**EXERCISE PROMPT:** Your task is to copy the listing exactly. Drop any pictures from the copy.

**RECORDED INFORMATION:**
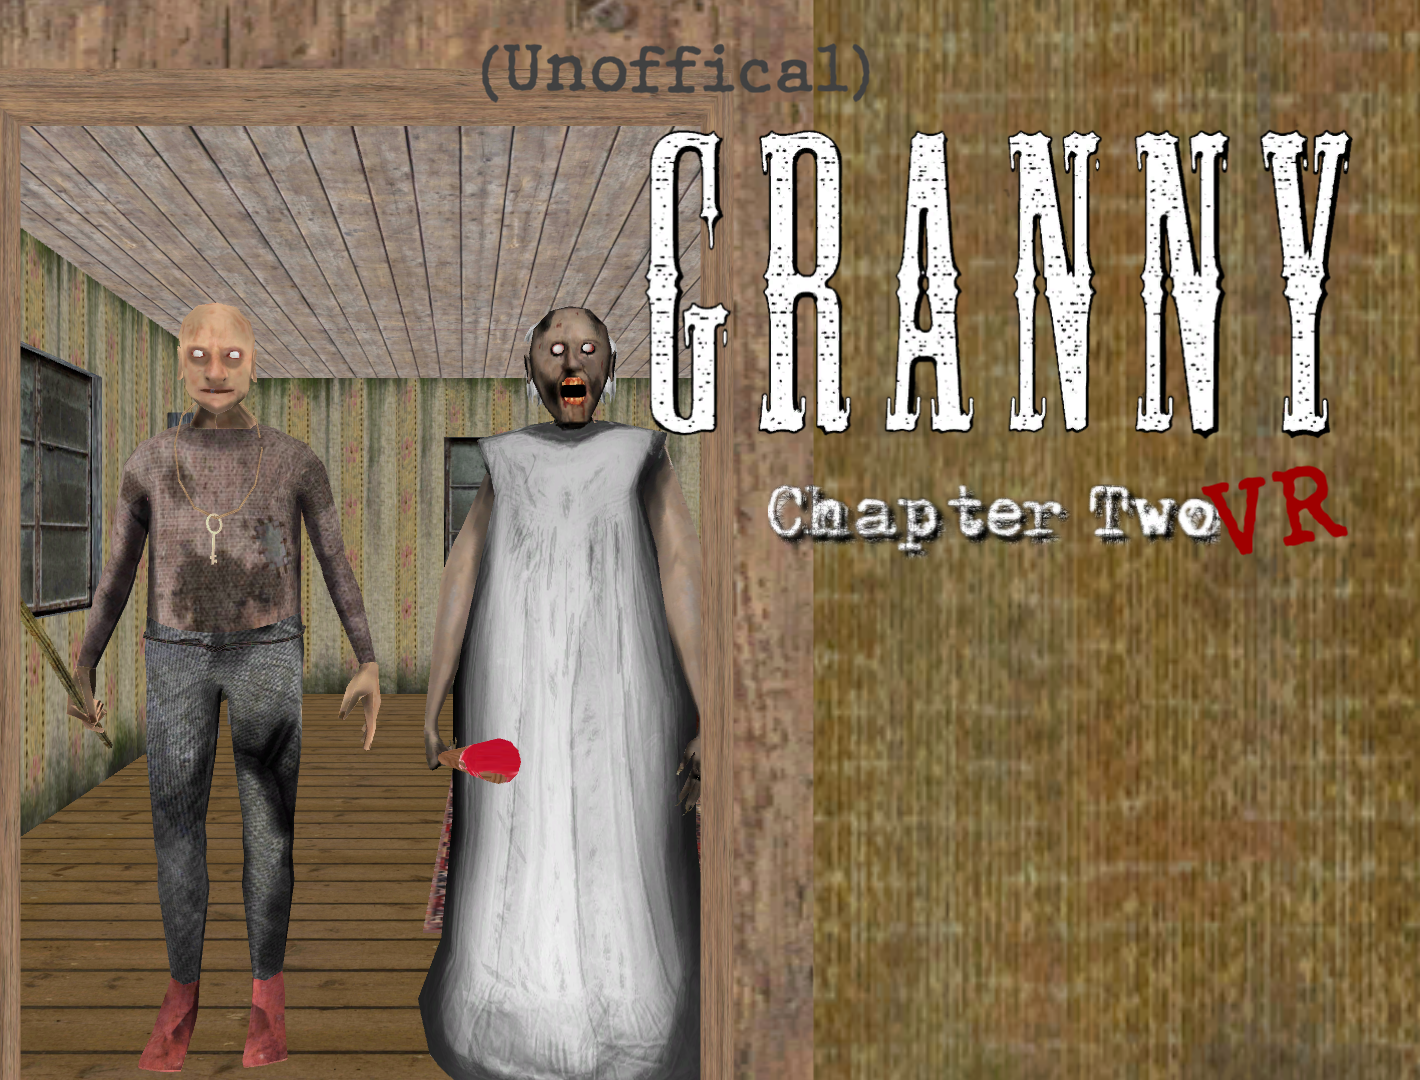 Granny online - granny games online
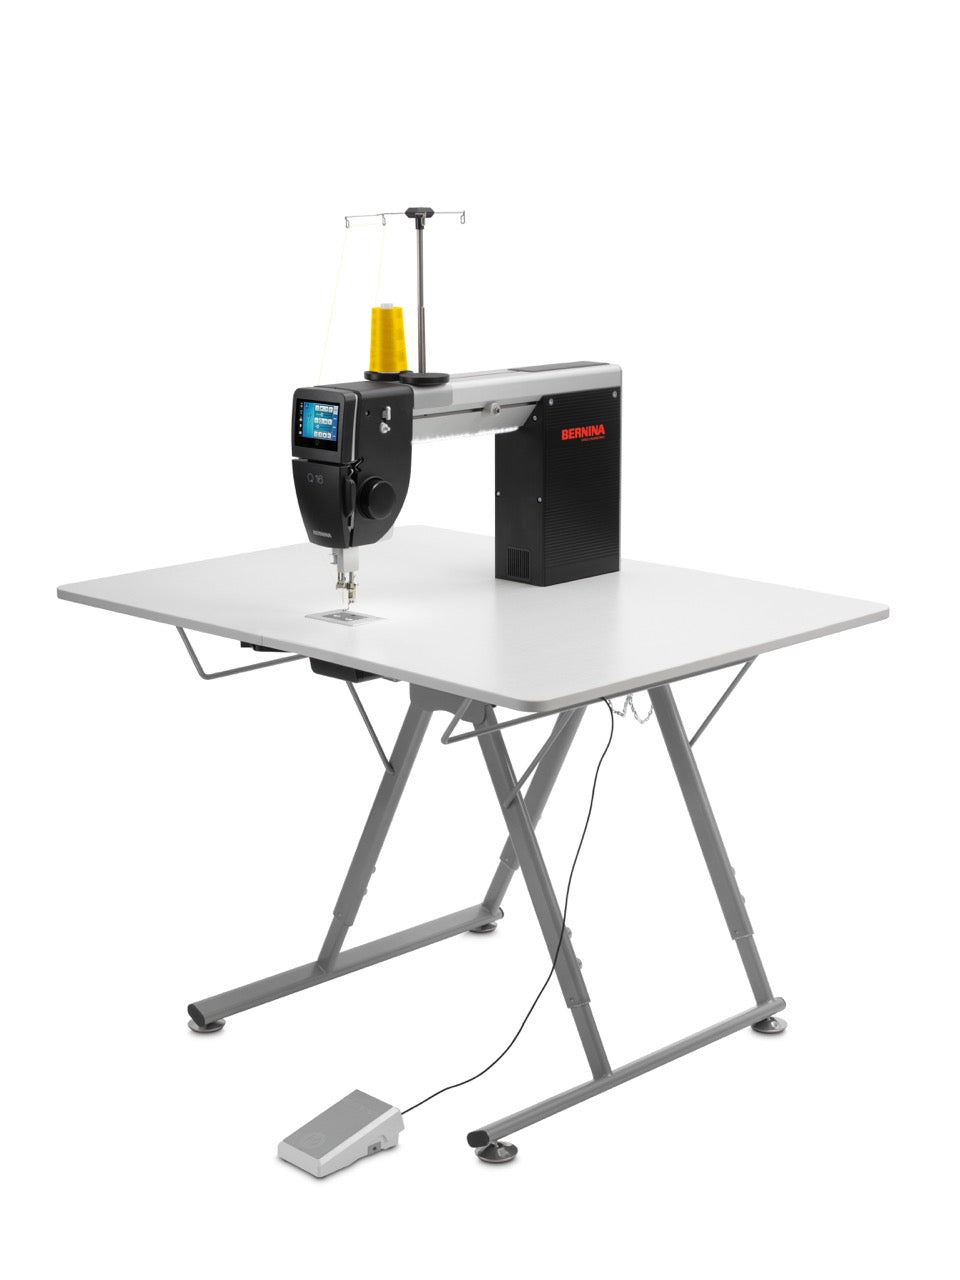 Bernina Q16 longarm sewing machine on sit-down table
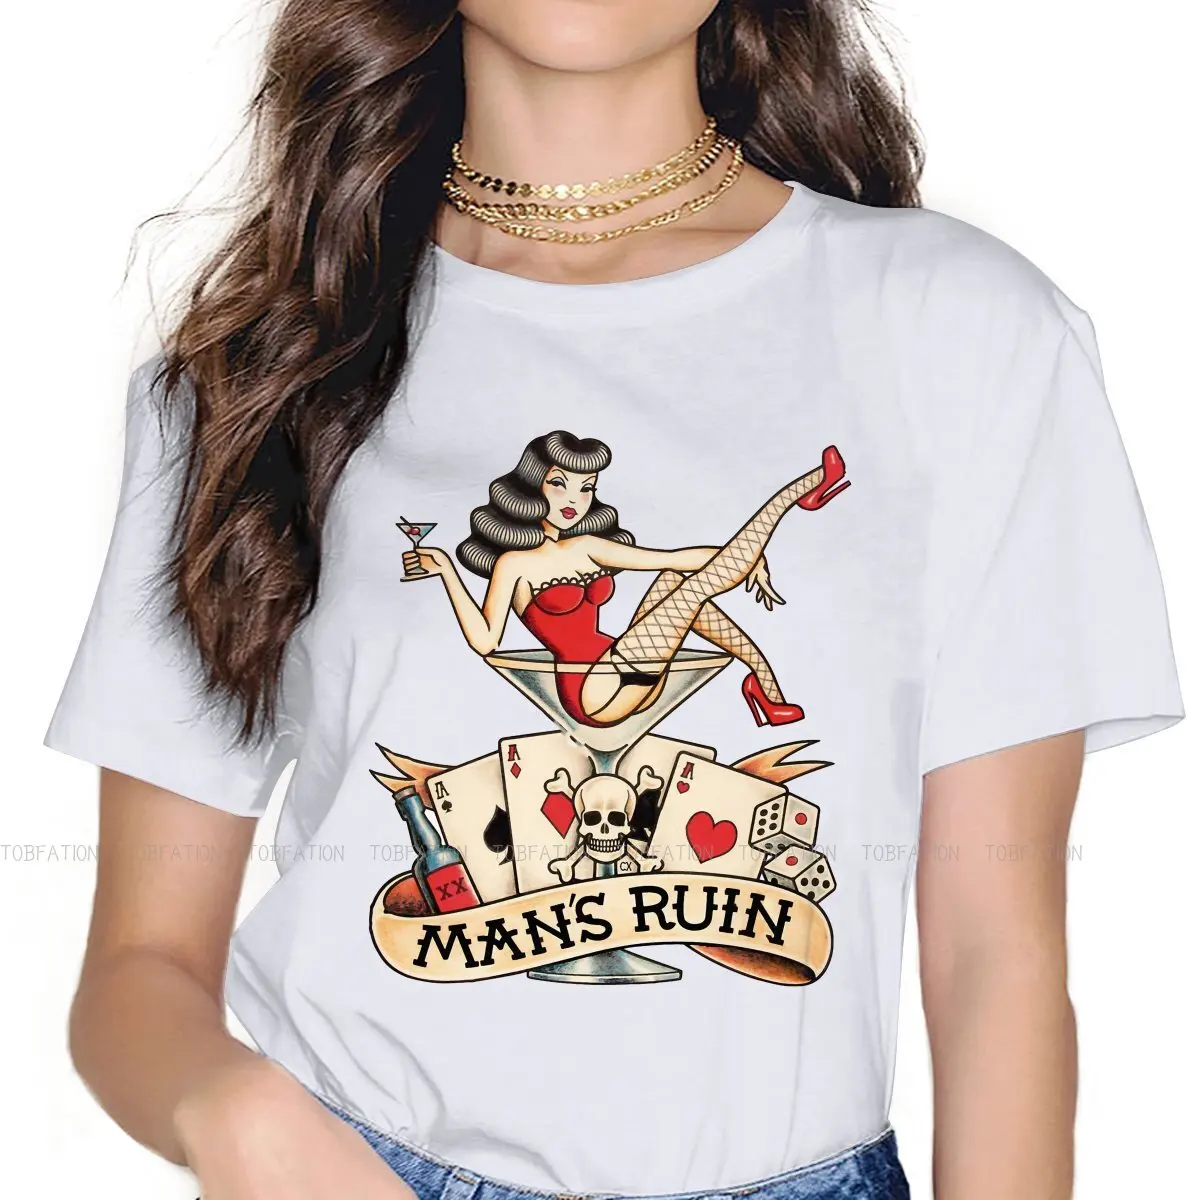 Camiseta de Martini Pin Up para niÃ±a y mujer, Blusas Harajuku informales de manga corta Vintage, Tops de gran tamaÃ±o

**TASK SOLUTION:**
 Granny online - granny games online
 Bernina Q16 longarm sewing machine on sit-down table
 Camiseta de Martini Pin Up para niÃ±a y mujer, Blusas Harajuku informales de manga corta Vintage, Tops de gran tamaÃ±o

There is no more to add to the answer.